At what production scale does MQA become a no-brainer? Compute KV cache for a 32-layer / 32-head / 128-d_head model at sequence length 8192. Compare MHA vs MQA total cache bytes. The number should be in GiB; that's the answer.
What's the relationship between MQA and Flash Attention? Are they orthogonal? Composable? (Hint: yes to both — MQA reduces K/V bytes, Flash reduces the materialized S matrix. Different bottlenecks.)

Constraints¶

No retraining. This is a structural swap at inference time. Measure the degradation honestly.
CPU is fine.
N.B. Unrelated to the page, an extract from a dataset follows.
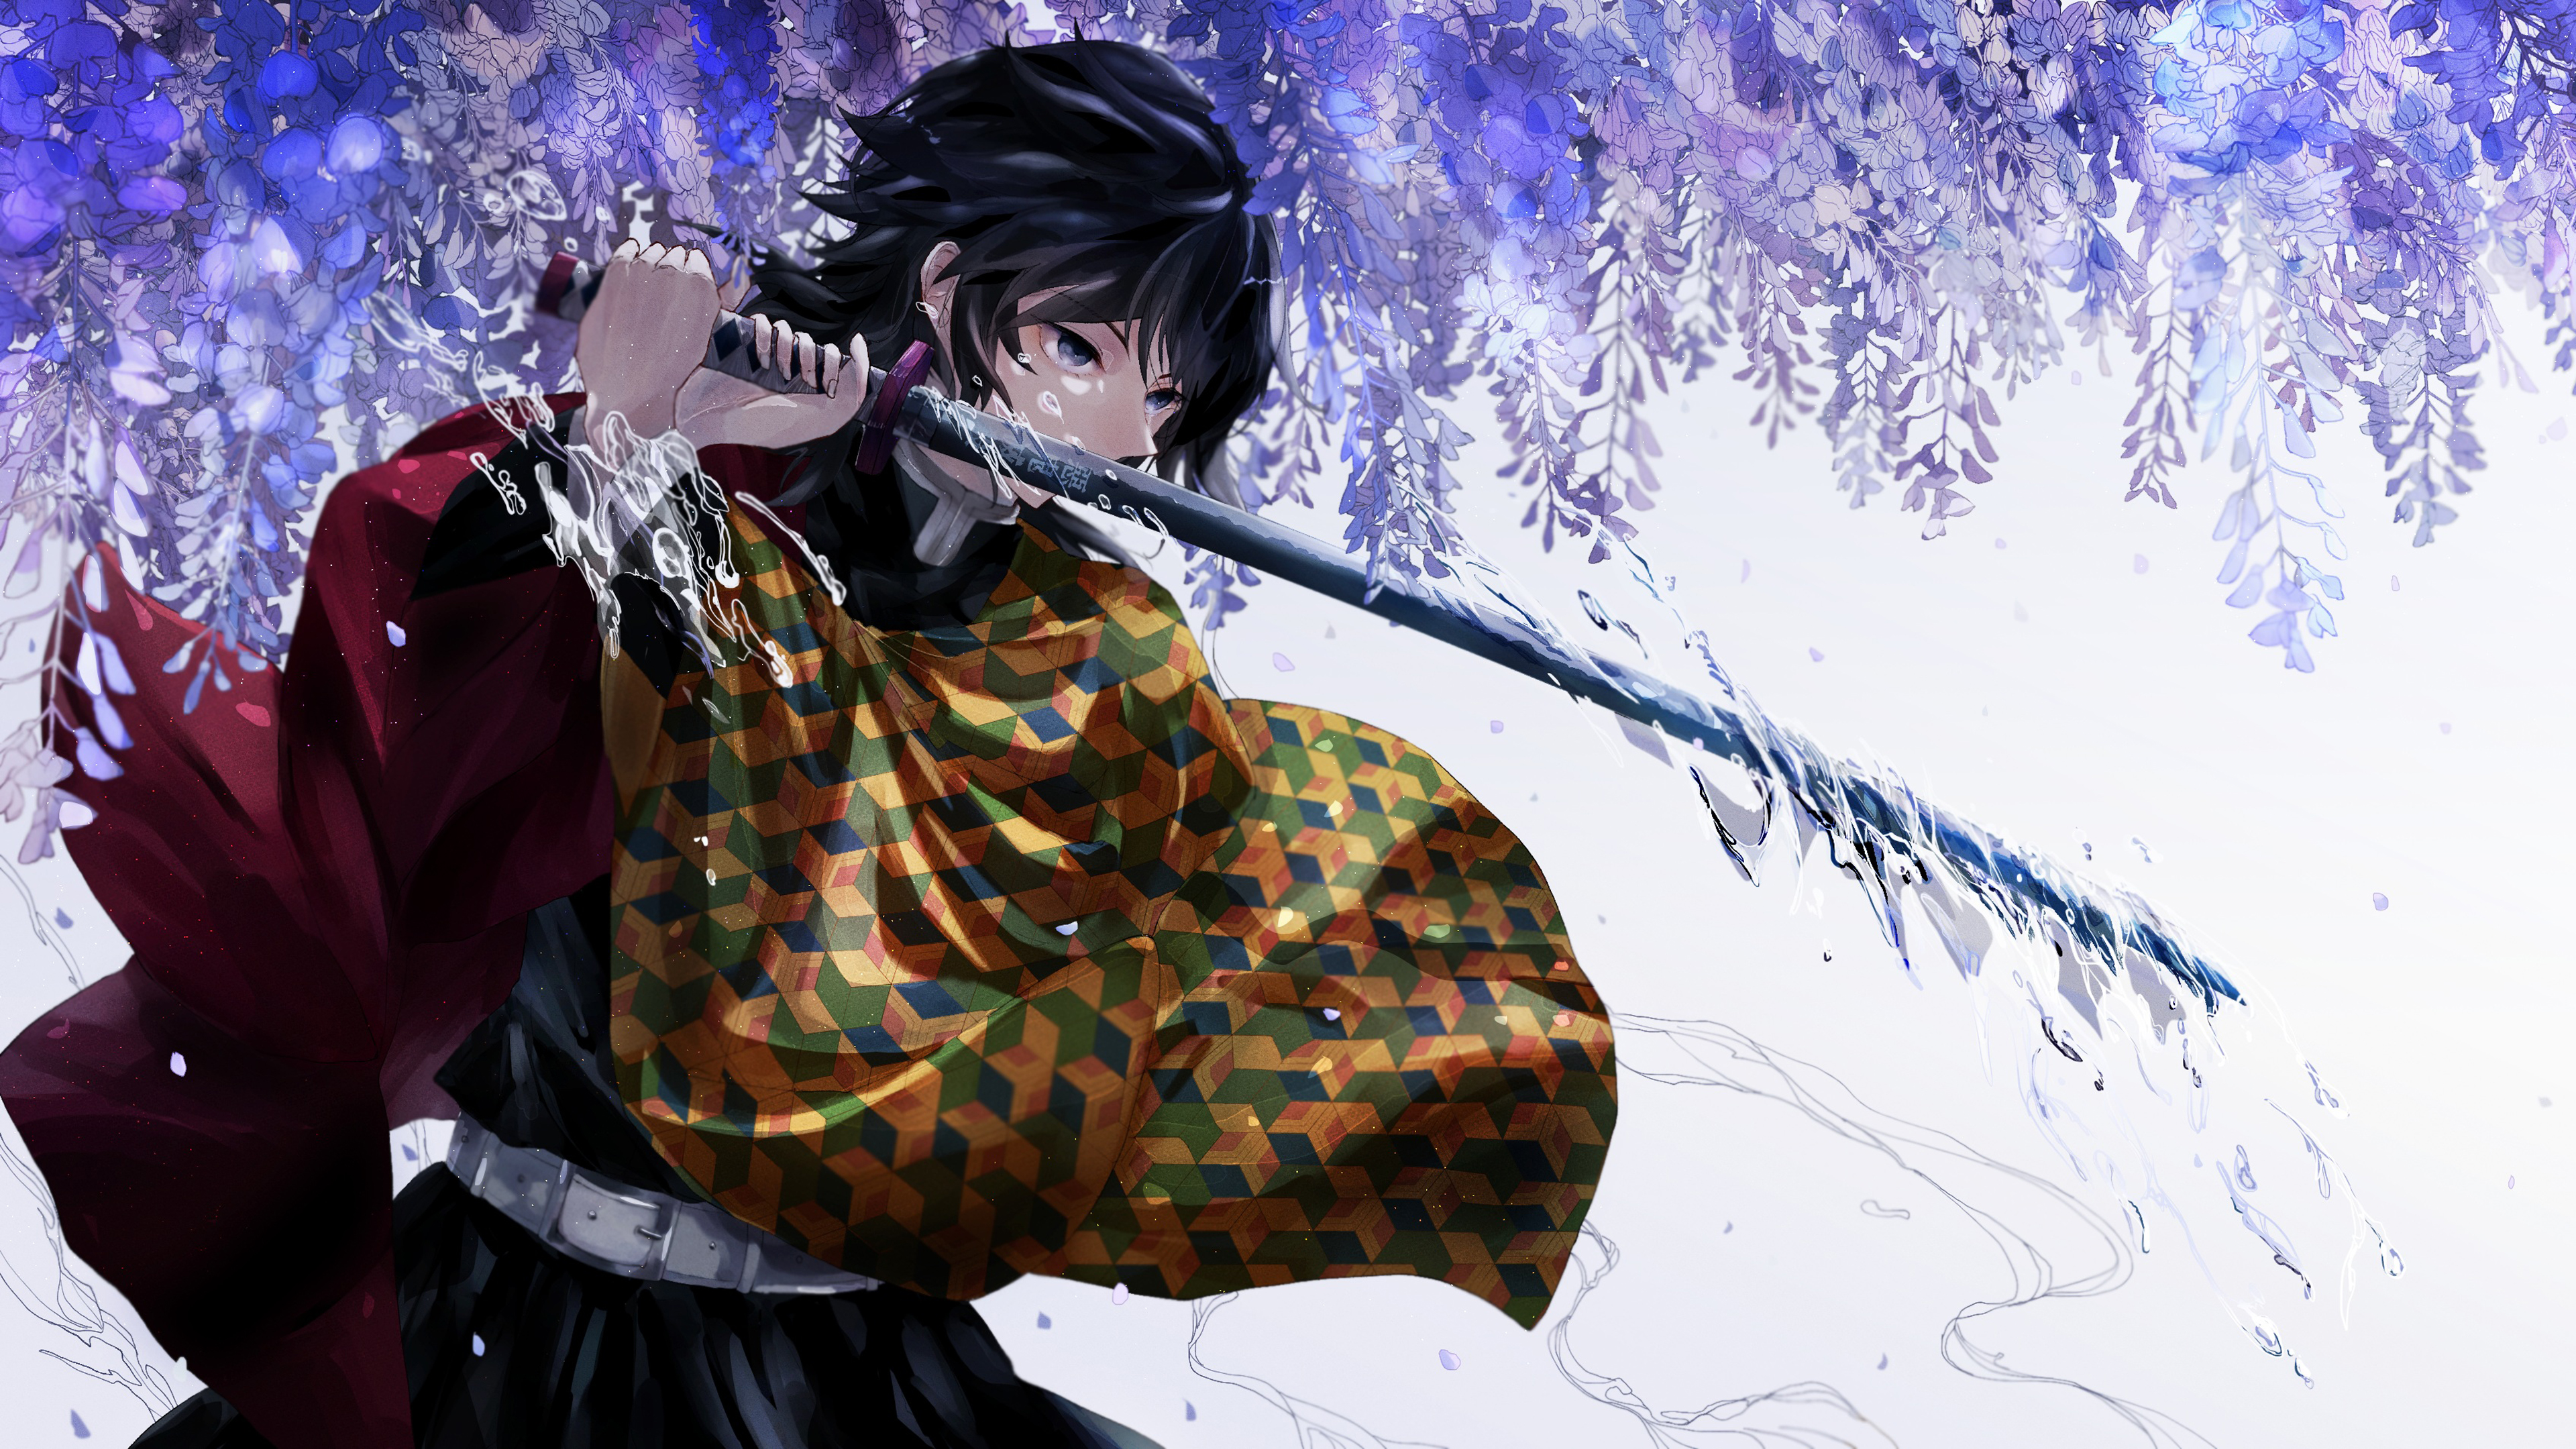 Demon Slayer Giyuu Tomioka With A Long Sharp Sword Under Purple Flowers

The verb sequence is short; no GPU needed for this lab. (Phase 27's GPU labs are 01 and 02.)
Same MiniGPT checkpoint for all three variants — only the attention module changes.

🇪🇸 MQA/GQA no son aceleraciones gratis — comparten K/V entre cabezas y eso reduce capacidad. La elección real es: ¿cuánto PPL puedes ceder a cambio de cuánto KV cache? En modelos pequeños tipo MiniGPT, MQA es agresivo. En 70B+, casi todos los modelos modernos usan GQA.

Stop conditions¶

src/minimodel/attention_mqa_gqa.py implemented; tests pass.
All five experiment files committed.
KV-cache reduction matches the theoretical formula to within 1%.
README answers all four questions.

Pitfalls¶

Forgot to repeat-interleave KV before matmul. If Q has 4 heads and KV has 1 head (MQA), you need to expand KV to 4 heads (via K.repeat_interleave(4, dim=heads_dim) or einsum equivalent) before the dot product. Otherwise shapes don't match.
PPL didn't change at all. You probably did not actually swap the attention — check id(model.layers[0].attn) is different from the MHA reference.
Parameter count drop doesn't match. You may have left FP16 KV biases at the same size; ignore biases or compute weight-only param count.

When to consult `solutions/`¶

After all stop conditions met. solutions/04-mqa-gqa-ref.md (phase open) walks through the repeat-interleave logic.

End of Phase 27 labs. Write PHASE_27_REPORT.md next.